Bishu wrote this song in my notebook in Joypur, Bhaddi, Purulia in 2005.

 

Before I sent the file to Bishu we were talking about nachnis and why the women leave home. Bishu expresses himself in a way different from Amulya Kaka, he talked about sringar rasa—the essence of erotic love. He said they are often widows. The cry of the bhaduria jhumur pulls them out of their homes. He talked about Sindhubala, the renowned nachni who tried to bring recognition to their community and her artform. ‘She was 92 at the time and she said, you see Raja—she used to call me Raja [Bishu stresses on the ‘j’ and rolls the r, rrajjaa, he says]—she said, I am so immersed in this rasa that my life is slowly shrinking away. Rawshe thaikte thaikte shukhai gelam. And I said, how so? How can you be drowning in rasa and yet go dry? Even at ninety you are drinking, singing, and you say you are going dry? And she said, that is how it is. That is how it happens.
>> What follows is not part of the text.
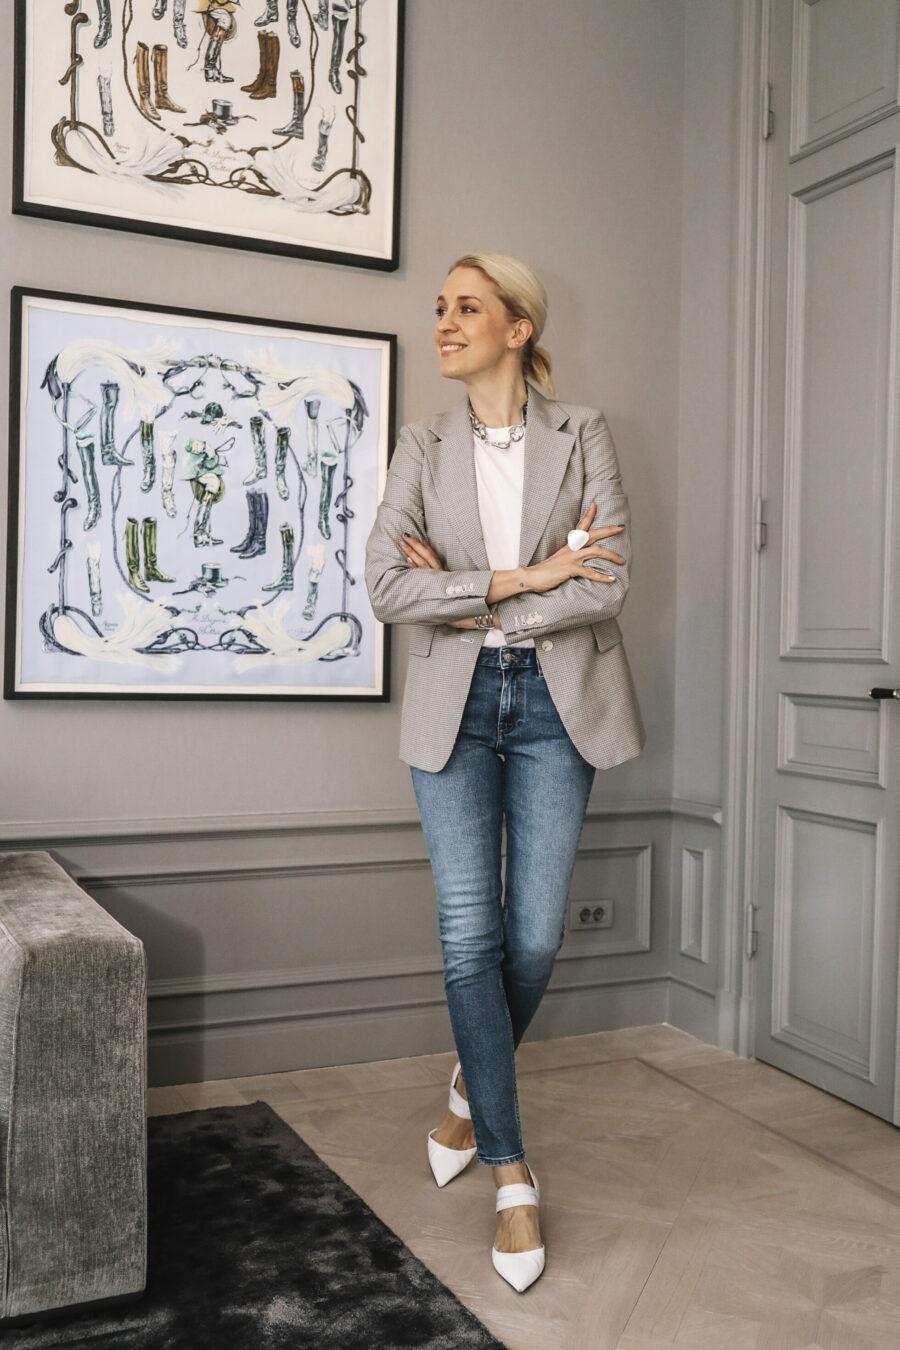 c980a75b5a5 Jag har fått många frågor kring jeans och om jag inte kan tipsa om vårens  snyggaste modeller. Jeans är helt klart ett tema som ligger mig varmt om  hjärtat.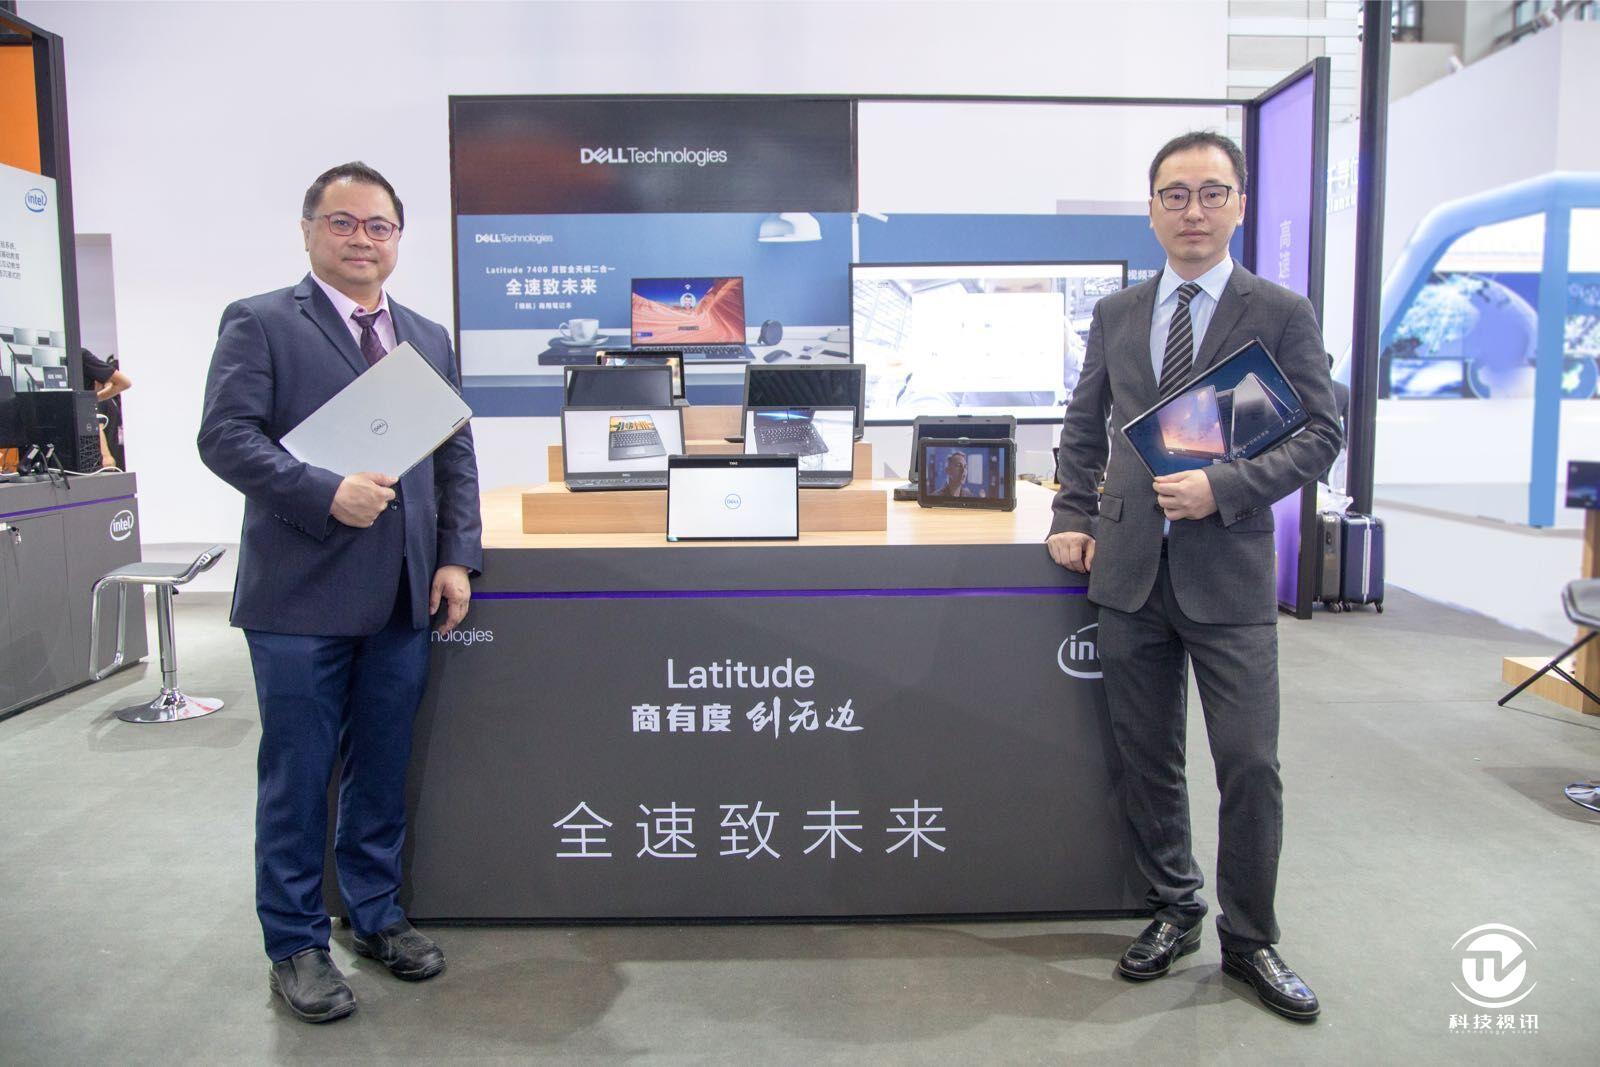 全速致未来 戴尔latitude系列提供商务工作新体验

It is this rasa which sucks the juices out of you.’ Then Bishu also talked about Kamala Jharia, the famous kirtan singer who had started life as a nachni.

 

Sindhubala Debi. Source: Internet.

 

When we talked again, Bishu had listened to the song and seen the film. He said, it is a treat to be able to see this. She is singing in Kurmali and dancing an ‘ekoira’ dance, meaning doing a solo performance. He talked about the evolution of nachni dance, those who sang and danced for the royal court, whose who performed for the ordinary people, then how the protocols of stage performance evolved. We also talked about the last time we met, the song he had taught me and I sang some lines.

 

Bishu sang ‘Kahan malin baje’ in 2005 in Amulya Kaka’s house, which I had learned from him. Recorded by Sukanta Majumdar.